RF-CNN-F: random forest with convolutional neural network features for coronary artery disease diagnosis based on cardiac magnetic resonance.

机构信息

Institute for Intelligent Systems Research and Innovation (IISRI), Deakin University, Geelong, Australia.

Department of Computer Engineering, School of Technical and Engineering, Shiraz Branch, Islamic Azad University, Shiraz, Iran.

出版信息

Sci Rep. 2022 Jul 1;12(1):11178. doi: 10.1038/s41598-022-15374-5.

Abstract

Coronary artery disease (CAD) is a prevalent disease with high morbidity and mortality rates. Invasive coronary angiography is the reference standard for diagnosing CAD but is costly and associated with risks. Noninvasive imaging like cardiac magnetic resonance (CMR) facilitates CAD assessment and can serve as a gatekeeper to downstream invasive testing. Machine learning methods are increasingly applied for automated interpretation of imaging and other clinical results for medical diagnosis. In this study, we proposed a novel CAD detection method based on CMR images by utilizing the feature extraction ability of deep neural networks and combining the features with the aid of a random forest for the very first time. It is necessary to convert image data to numeric features so that they can be used in the nodes of the decision trees. To this end, the predictions of multiple stand-alone convolutional neural networks (CNNs) were considered as input features for the decision trees. The capability of CNNs in representing image data renders our method a generic classification approach applicable to any image dataset.
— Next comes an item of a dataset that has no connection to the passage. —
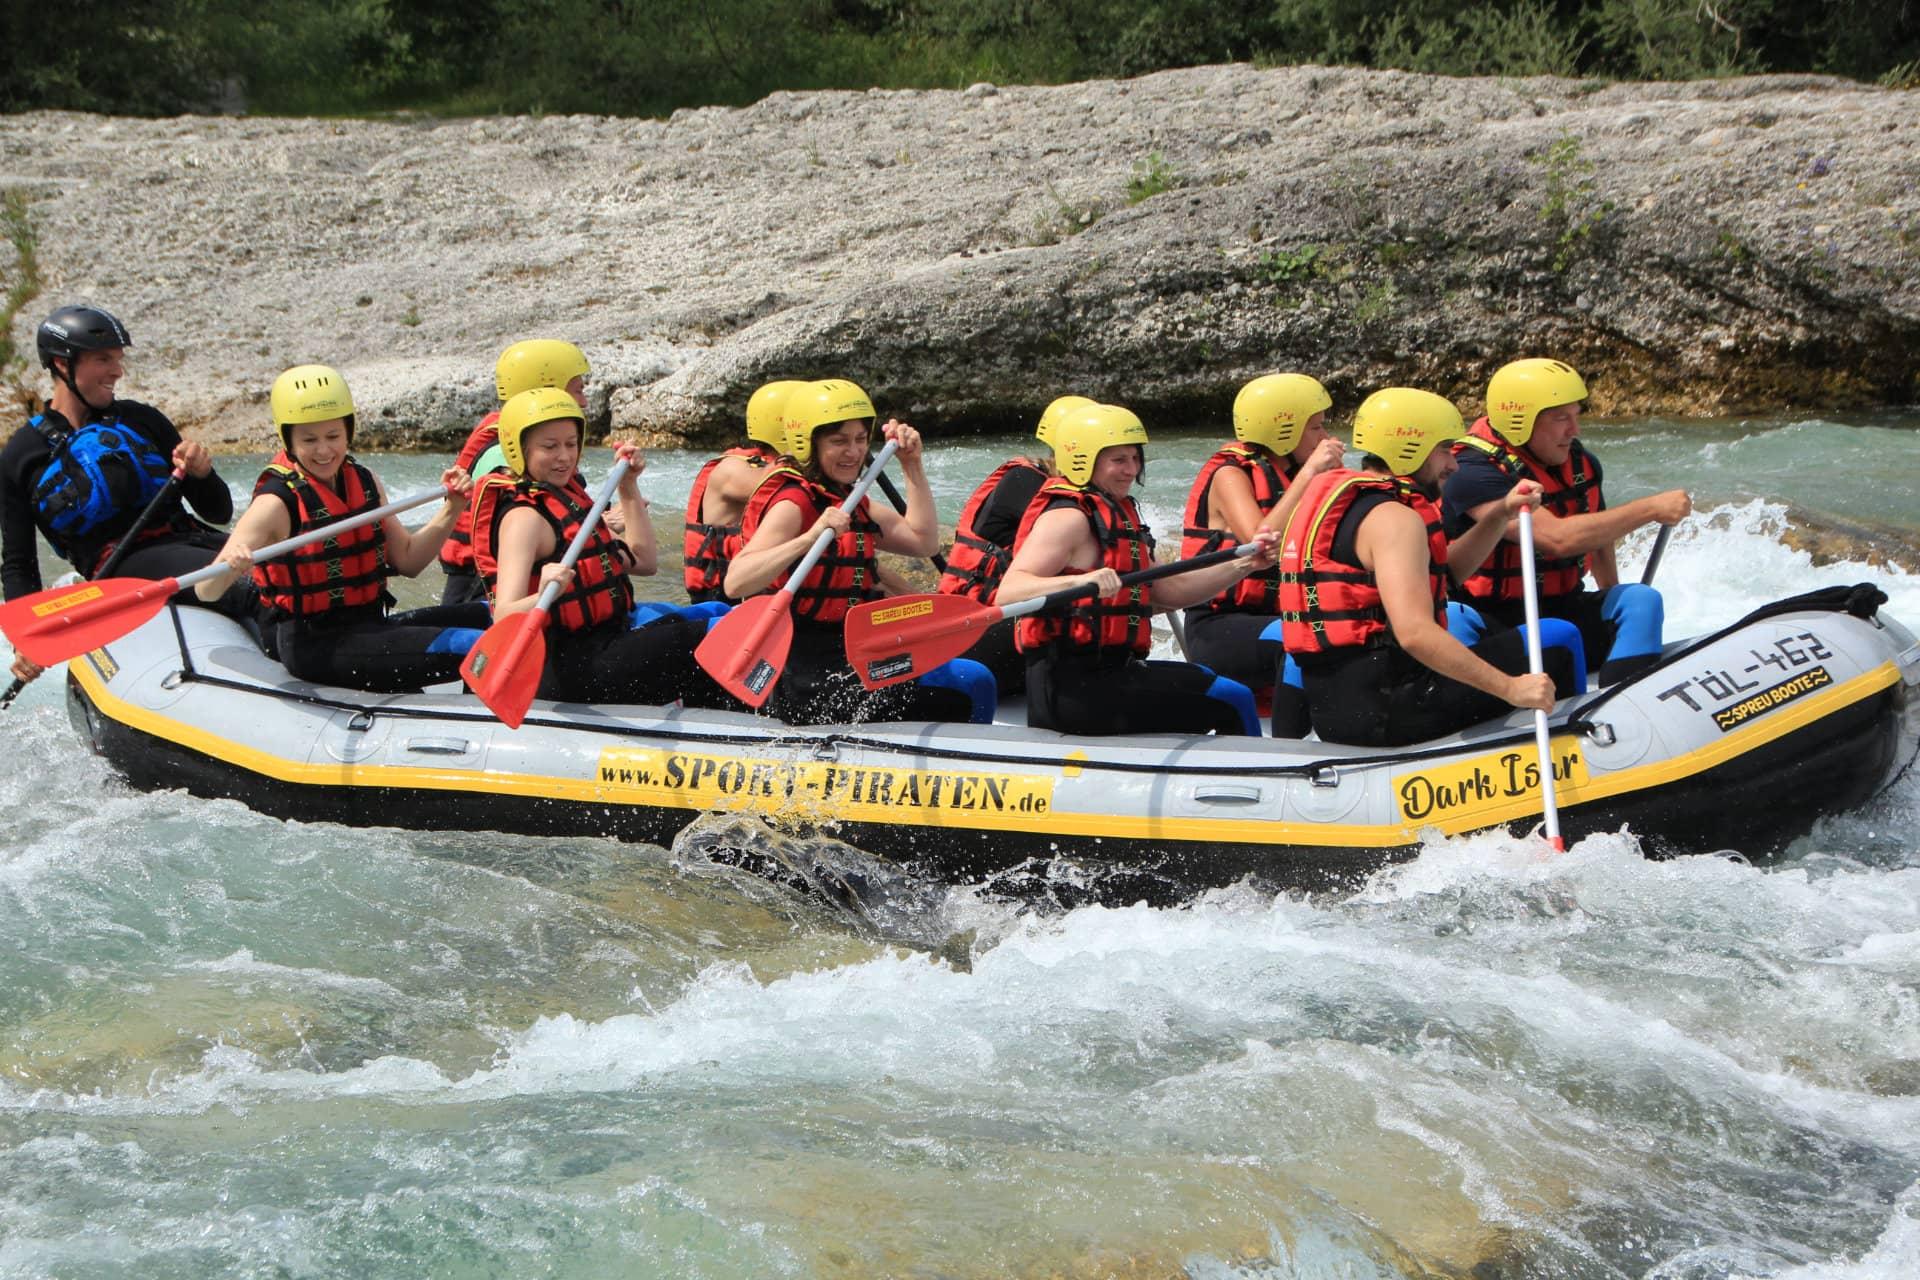 Teamevent Rafting Isar, Lenggries, Bayern

We named our method RF-CNN-F, which stands for Random Forest with CNN Features. We conducted experiments on a large CMR dataset that we have collected and made publicly accessible. Our method achieved excellent accuracy (99.18%) using Adam optimizer compared to a stand-alone CNN trained using fivefold cross validation (93.92%) tested on the same dataset.

摘要

冠状动脉疾病(CAD)是一种发病率和死亡率都很高的常见疾病。有创性冠状动脉造影是诊断 CAD 的金标准,但费用高且存在风险。心脏磁共振(CMR)等无创成像技术有助于 CAD 的评估,可以作为下游有创性检查的筛选手段。机器学习方法越来越多地应用于医学诊断中的影像和其他临床结果的自动解读。在这项研究中,我们首次提出了一种基于 CMR 图像的 CAD 检测方法,该方法利用深度神经网络的特征提取能力,并结合随机森林的特征来进行检测。有必要将影像数据转换为数值特征,以便将其用于决策树的节点中。为此,我们考虑将多个独立卷积神经网络(CNN)的预测作为决策树的输入特征。CNN 在表示影像数据方面的能力使我们的方法成为一种通用的分类方法,适用于任何影像数据集。我们将该方法命名为 RF-CNN-F,代表基于 CNN 特征的随机森林。我们在我们收集并公开提供的大型 CMR 数据集上进行了实验。与在同一数据集上使用五重交叉验证训练的独立 CNN 相比(93.92%),我们的方法使用 Adam 优化器达到了 99.18%的出色准确性。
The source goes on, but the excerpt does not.